Gather essential personal information from your parents, including their Social Security numbers, birth dates, insurance information, contact information for their lawyer, accountants or financial advisor, password information, information for bank and retirement accounts, medical history, real estate information, estate planning documents and any relevant instructions.

Talk About Ways to Help Protect Their Money

Unfortunately, people often become targets for financial scams as they get older, according to AARP. Talk to your parents about potential red flags they should look out for, including health insurance and Medicare fraud scams, telemarketing scams and home repair or contractor fraud.

Talk to your parents about ways to spot potential fraud, including anyone who asks for their personal information or Social Security numbers over the phone. Adult children should also be leery of any new friend or previously distant relative who has become more involved in their parents' finances or care.

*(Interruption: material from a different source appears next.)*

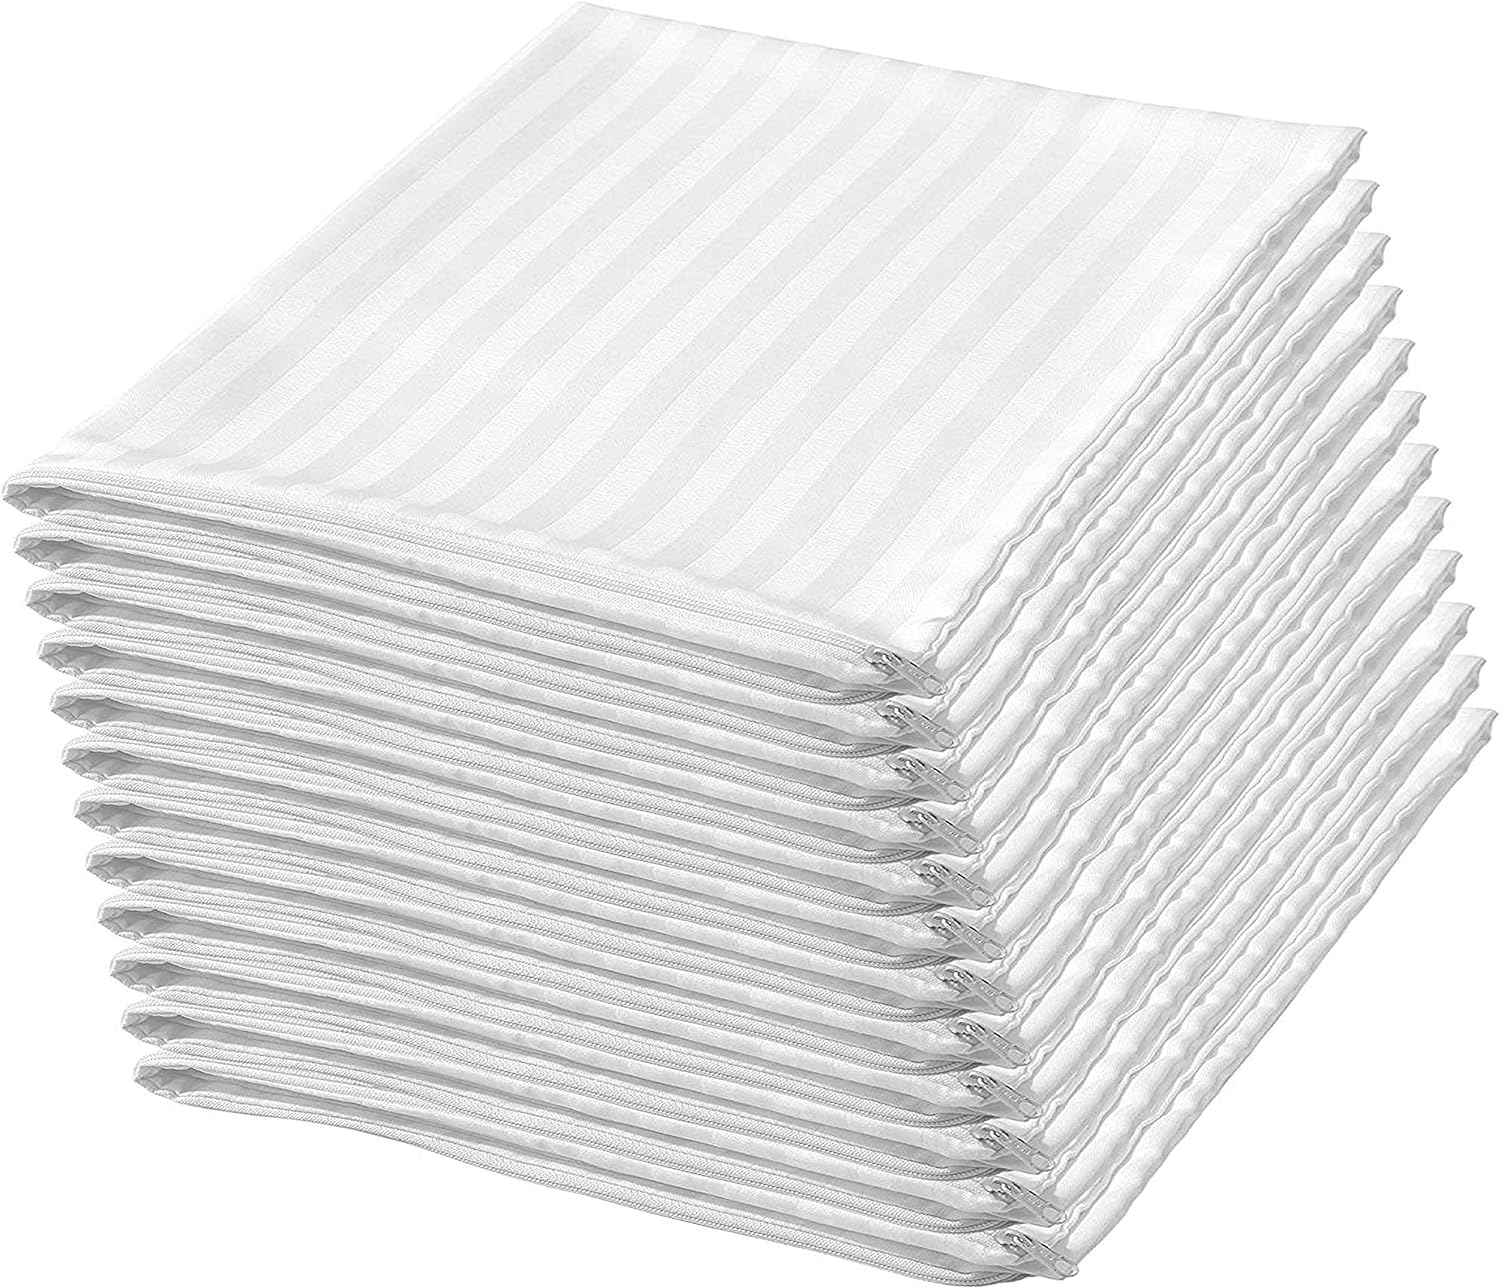 Niagara Sleep Solution 12Pack Pillow Protectors Standard 20x26 Inches Cotton Sateen Blend Dozen High Thread Count Standard Zippered White Hotel Quality Covers Cases
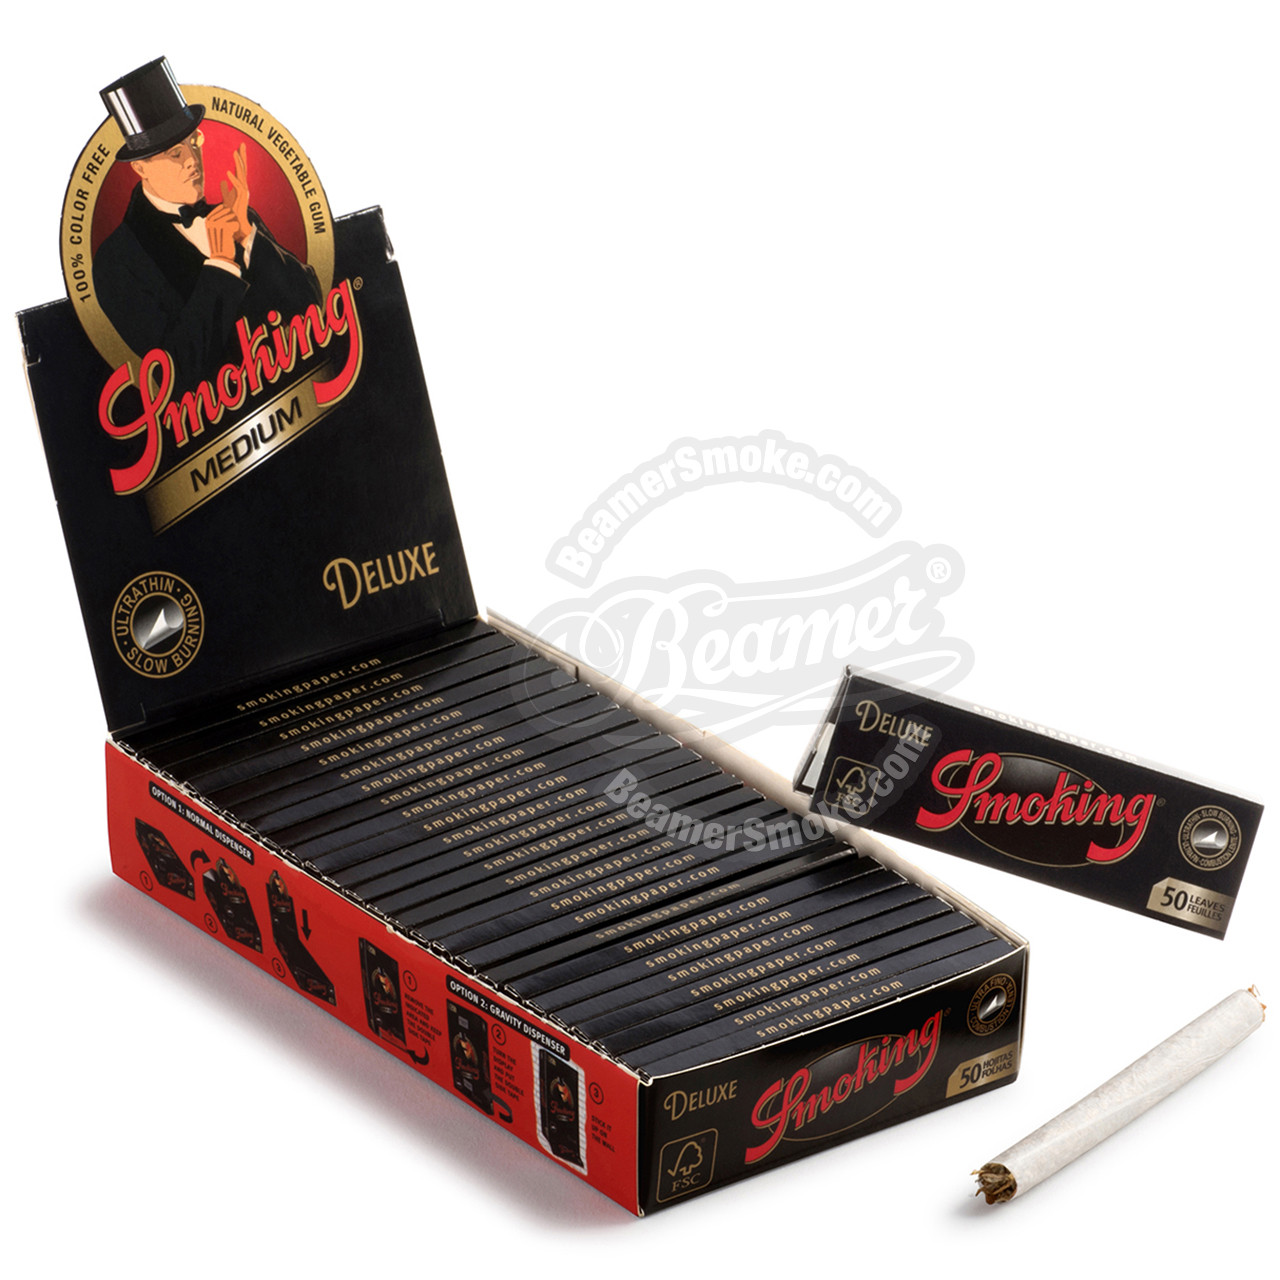 Details about   Smoking Deluxe Rolling Papers 2 x Full Box 100 Booklets Regular Size 6000 Sheets

Keep an open dialogue with your parents and check in frequently to find out what's going on. If you suspect or have evidence of theft or elder financial abuse, don't hesitate to get law enforcement involved.

Some parents don't think they need to have a discussion about their finances with their adult children until they retire — or even at all. Even if your parents have carefully and diligently done their estate planning, you need to understand the preparations they've made. Waiting until there's an urgent situation or until they're no longer in the position to share this information can lead to a lot of confusion, stress and possible legal issues that could have been avoided with family financial planning. The money talk can be tricky, but it's a necessary conversation to have — for your sake and, more importantly, for your parents' future financial well-being.